Files

Apple 67225a39fa docs(platform): add policy configs, runbooks, ops scripts and platform documentation

Config policies (16 files): alert_routing, architecture_pressure, backlog,
cost_weights, data_governance, incident_escalation, incident_intelligence,
network_allowlist, nodes_registry, observability_sources, rbac_tools_matrix,
release_gate, risk_attribution, risk_policy, slo_policy, tool_limits, tools_rollout

Ops (22 files): Caddyfile, calendar compose, grafana voice dashboard,
deployments/incidents logs, runbooks for alerts/audit/backlog/incidents/sofiia/voice,
cron jobs, scripts (alert_triage, audit_cleanup, migrate_*, governance, schedule),
task_registry, voice alerts/ha/latency/policy

Docs (30+ files): HUMANIZED_STEPAN v2.7-v3 changelogs and runbooks,
NODA1/NODA2 status and setup, audit index and traces, backlog, incident,
supervisor, tools, voice, opencode, release, risk, aistalk, spacebot

Made-with: Cursor

2026-03-03 07:14:53 -08:00

8.0 KiB

Raw Blame History

Runbook: Alert → Incident Bridge (State Machine + Cooldown)

Topology

Monitor@node1/2  ──► alert_ingest_tool.ingest ──► AlertStore (Postgres or Memory)
                                                        │
Sofiia / oncall  ──► oncall_tool.alert_to_incident ─────┘
                                                        │
                          IncidentStore (Postgres) ◄───-┘
                                  │
                   Sofiia NODA2: incident_triage_graph
                                  │
                        postmortem_draft_graph

Alert State Machine

new → processing → acked
          ↓
        failed → (retry after TTL) → new

Status	Meaning
`new`	Freshly ingested, not yet claimed
`processing`	Claimed by a loop worker; locked for 10 min
`acked`	Successfully processed and closed
`failed`	Processing error; retry after `retry_after_sec`

Concurrency safety: claim uses SELECT FOR UPDATE SKIP LOCKED (Postgres) or an in-process lock (Memory). Two concurrent loops cannot claim the same alert.

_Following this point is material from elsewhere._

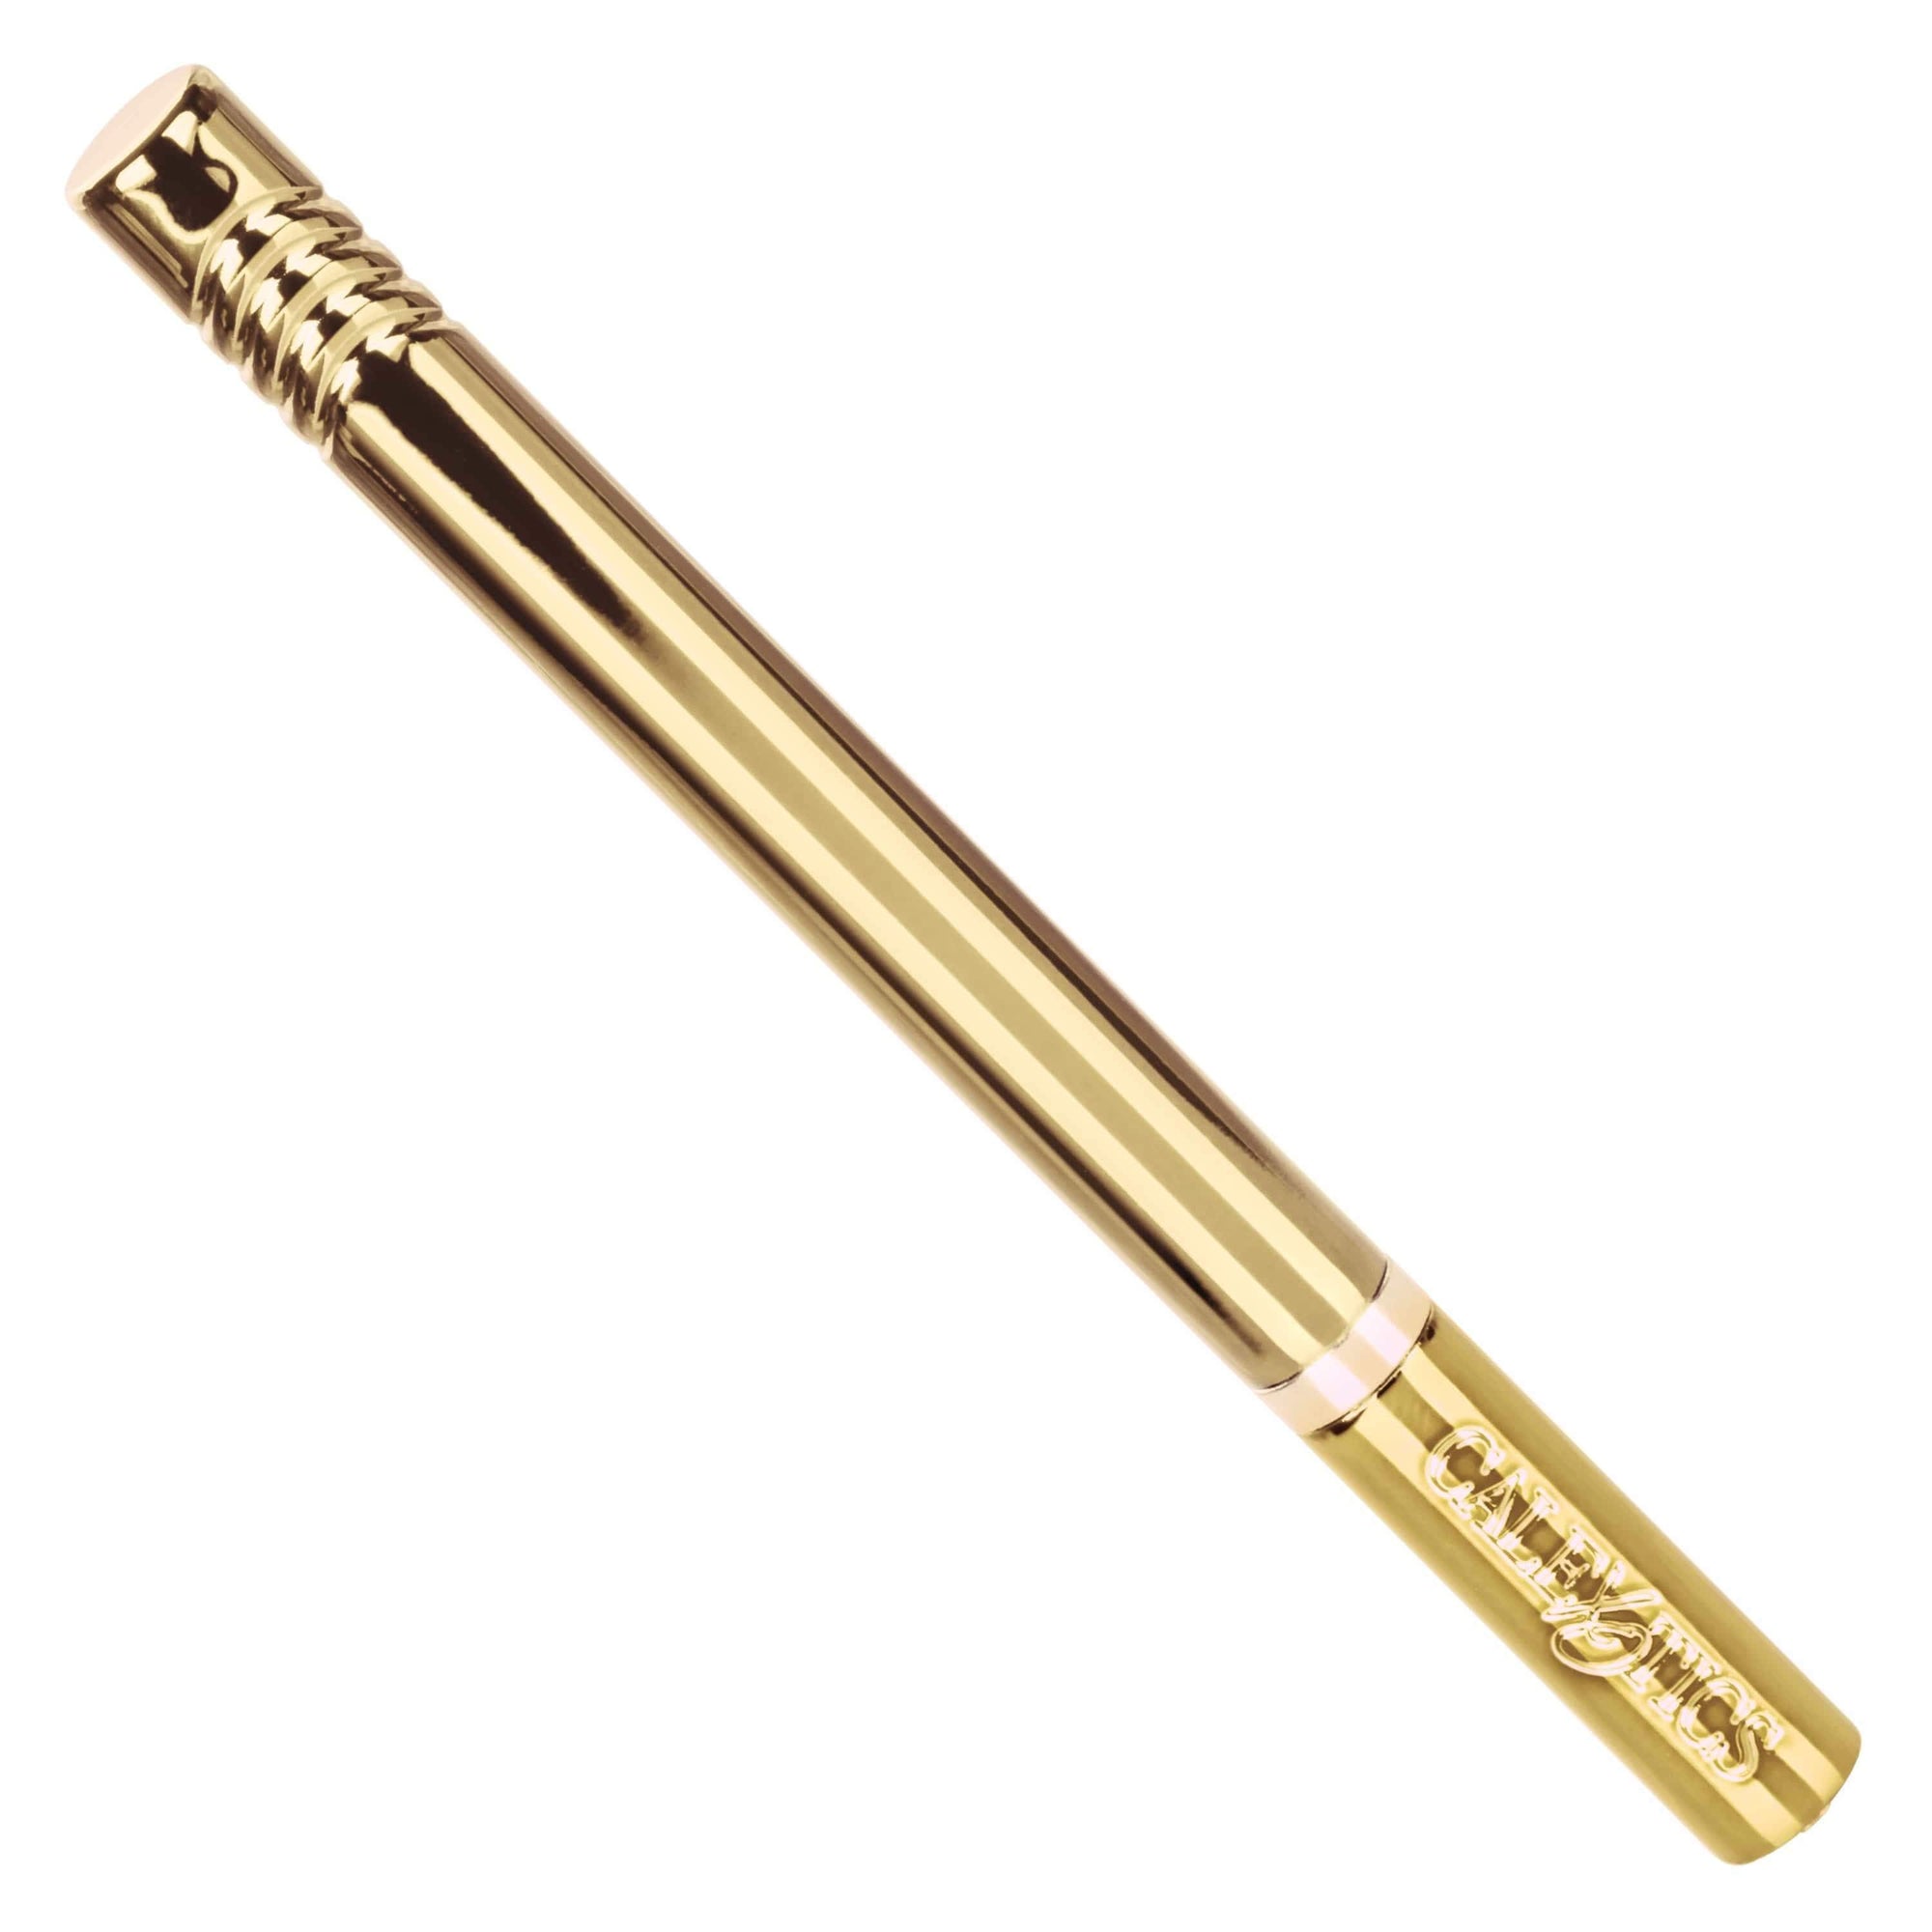 California Exotics - Hidden Pleasures Discreet Pen Vibrator (Gold) -  Discreet Toys  Durio.sg

Stale processing requeue: claim automatically requeues alerts whose processing_lock_until has expired.

Triage Cooldown (per Signature)

After a triage runs for a given incident_signature, subsequent alerts with the same signature within 15 min (configurable via triage_cooldown_minutes in alert_routing_policy.yml) only get an incident_append_event note — no new triage run. This prevents triage storms.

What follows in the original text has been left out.